Die Wildbret-Partien: Ein Überblick am Beispiel der Wildschweinkeule

Die Zerlegung eines Wildschweins, von dem alle Knochen bis zum Hals entfernt und in küchenfertige Einzelteile zerlegt wurden, offenbart, dass die Fleischpartien hauptsächlich aus den verschiedenen Muskelgruppen bestehen. Schnell wird deutlich, dass die Wildschweinkeule viel mehr zu bieten hat, als nur als Ganzes zubereitet zu werden. Durch das Auslösen der Einzelteile ergeben sich zahlreiche Möglichkeiten der Zubereitung, die jeweils das Beste aus dem jeweiligen Stück herausholen.

Würde man alle Fleischpartien der Wertigkeit nach sortieren, würde es wie folgt aussehen: Ganz oben platzieren sich die Wildschweinfilets, dicht gefolgt vom Rücken. Weiter geht es mit den Einzelteilen der Keule: die Wildschwein-Oberschale, die Unterschale vom Wildschwein, die Wildschwein-Nuss und zuletzt das falsche Filet sowie die Hüfte. Dann folgen die ausgelösten Schultern und schließlich die Haxen von Vorderlauf und Hinterlauf sowie der Nacken bzw. Hals. Die Einteilung bei Hirsch und Reh ist identisch, sodass man entsprechend von Reh-Oberschale, Unterschale vom Reh usw. spricht.

Was ist die Nuss vom Wild und wie bereitet man sie zu?

Die 'Nuss' vom Wild – oft auch als Kugel oder Oberschwanzstück bezeichnet – ist eine der interessanteren und manchmal missverstandenen Partien der Keule. Sie besteht aus mehreren einzelnen Muskelsträngen, die durch feine Häute voneinander getrennt sind. Diese Struktur verleiht der Nuss eine besondere Textur und macht sie gleichzeitig zu einer Herausforderung für das klassische Kurzbraten oder Grillen als Ganzes. Ihre Form und die trennenden Häute können dazu führen, dass sie ungleichmäßig gart oder beim Braten trocken wird, wenn nicht die richtige Technik angewendet wird.

Doch gerade diese Eigenheiten machen die Nuss vielseitig einsetzbar, wenn man ihre spezifischen Anforderungen kennt. Für das Kurzbraten oder Grillen empfiehlt es sich, die Nuss vorsichtig von einer Seite zu öffnen und flacher zu klopfen. So wird eine größere, gleichmäßigere Oberfläche geschaffen, die ein besseres Garergebnis ermöglicht. Nach dem Garen kann die Nuss dann in dünne Scheiben geschnitten werden, wodurch die feinen Häute kaum noch wahrnehmbar sind.
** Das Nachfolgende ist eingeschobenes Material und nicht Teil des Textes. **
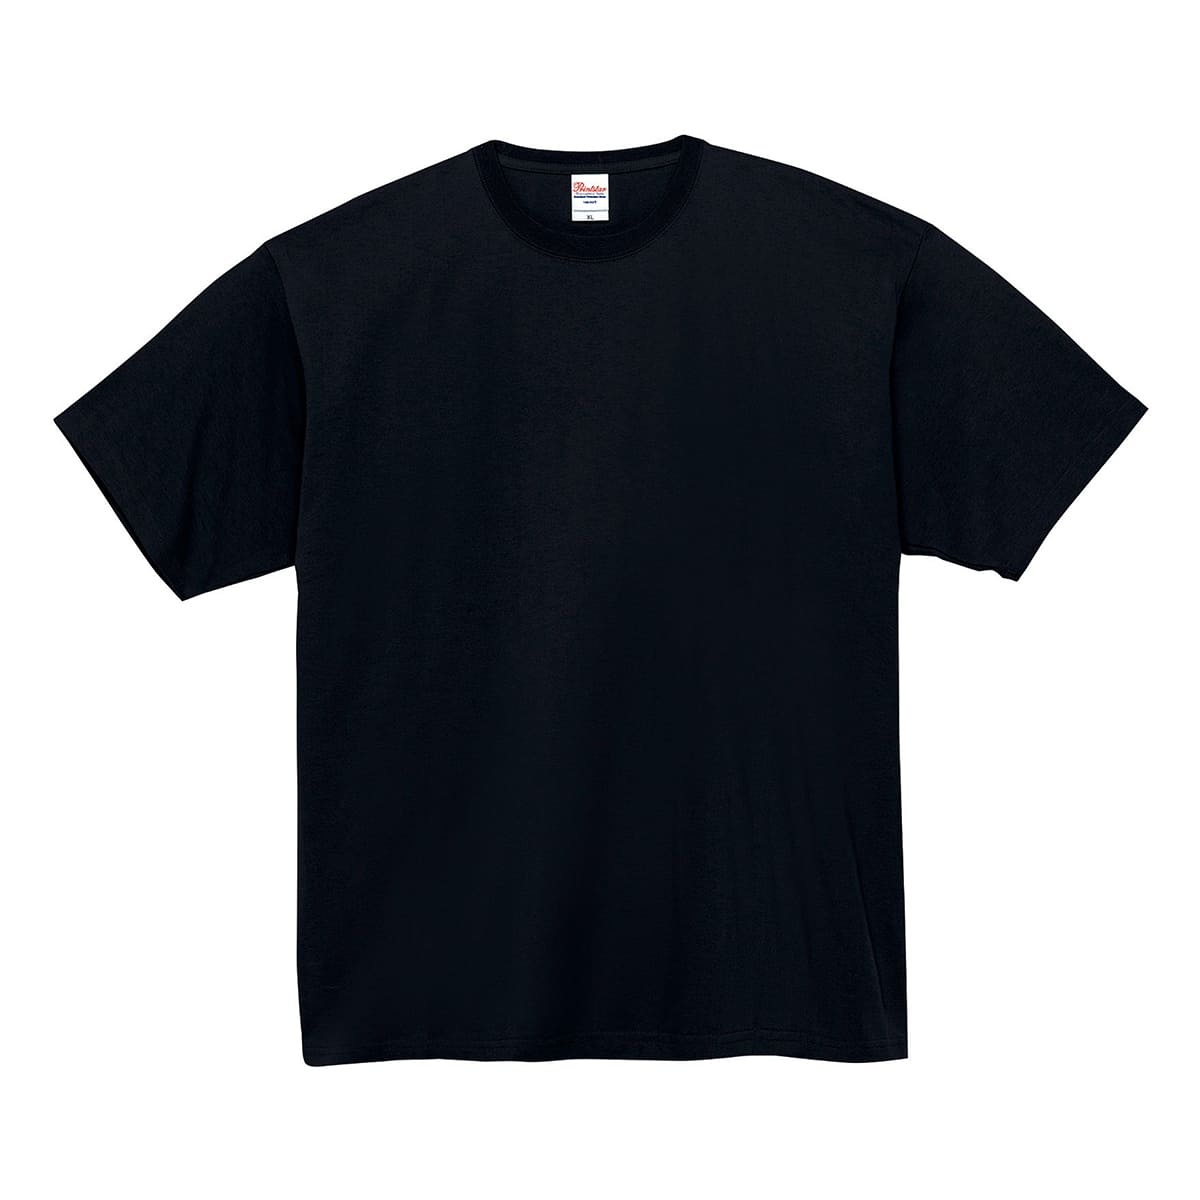 tシャツ メンズ Printstar 7.4オンス スーパーヘビーTシャツ 000148-hvt 1...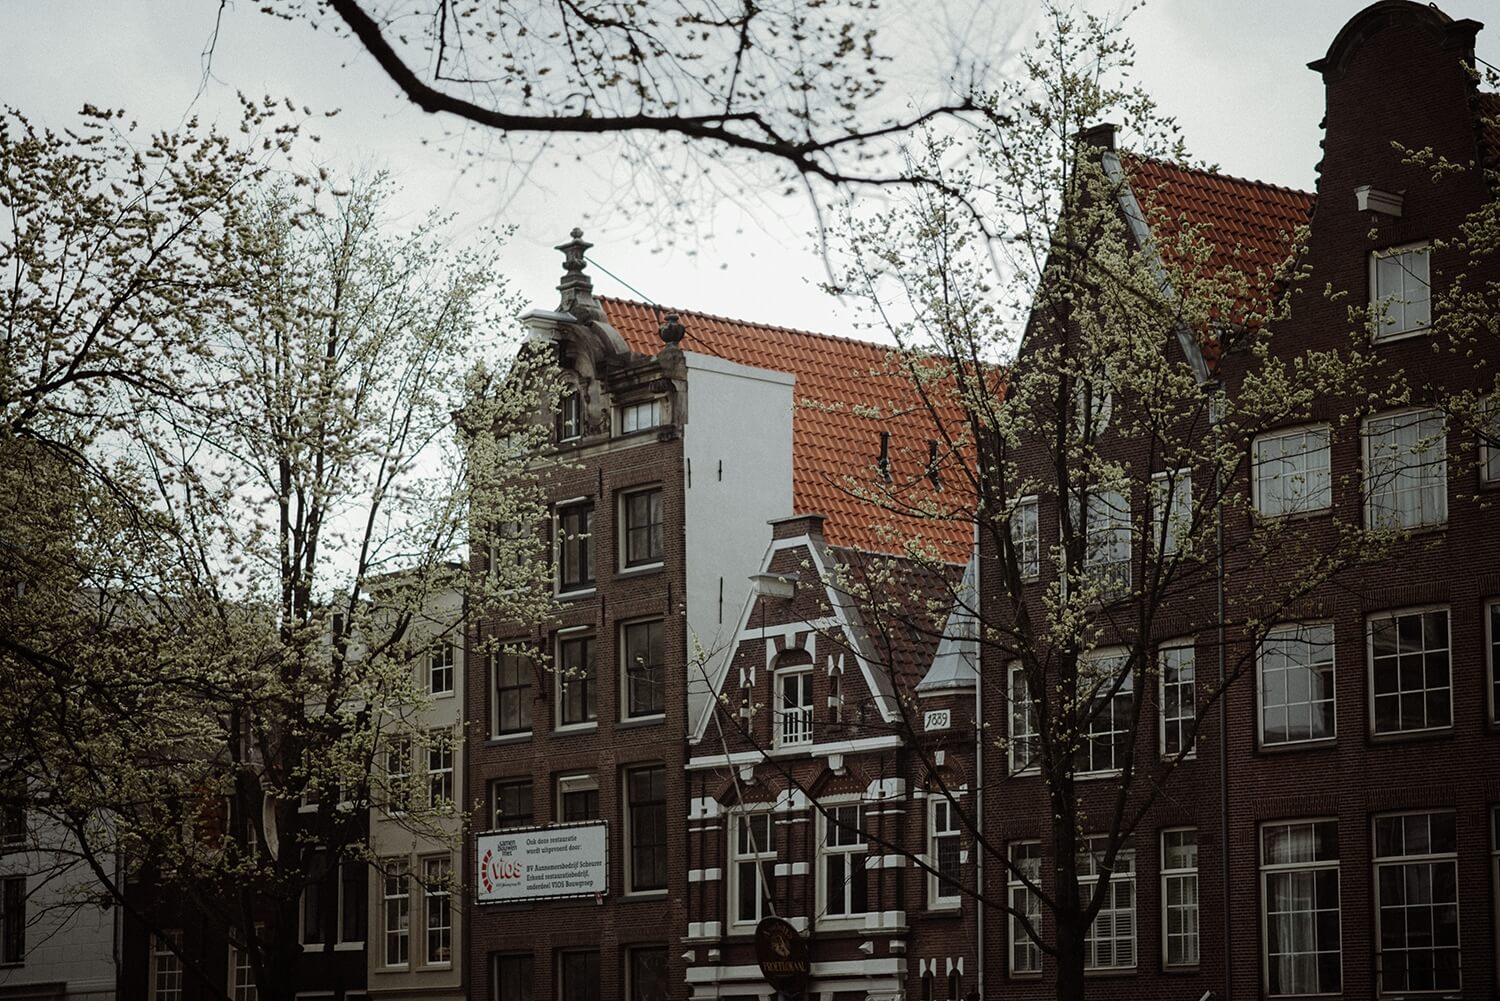 Amsterdam street

Die wahre Stärke der Nuss, sei es vom Reh, Hirsch oder Wildschwein, zeigt sich jedoch bei der Herstellung von Roh- oder Kochschinken. Schinken von der Reh- oder Wildschweinnuss ist eine absolute Delikatesse und besticht durch sein intensives Aroma und seine feine Textur. Diese Verarbeitungsmethode nutzt die Struktur der Nuss optimal aus und verwandelt sie in einen wahren Leckerbissen.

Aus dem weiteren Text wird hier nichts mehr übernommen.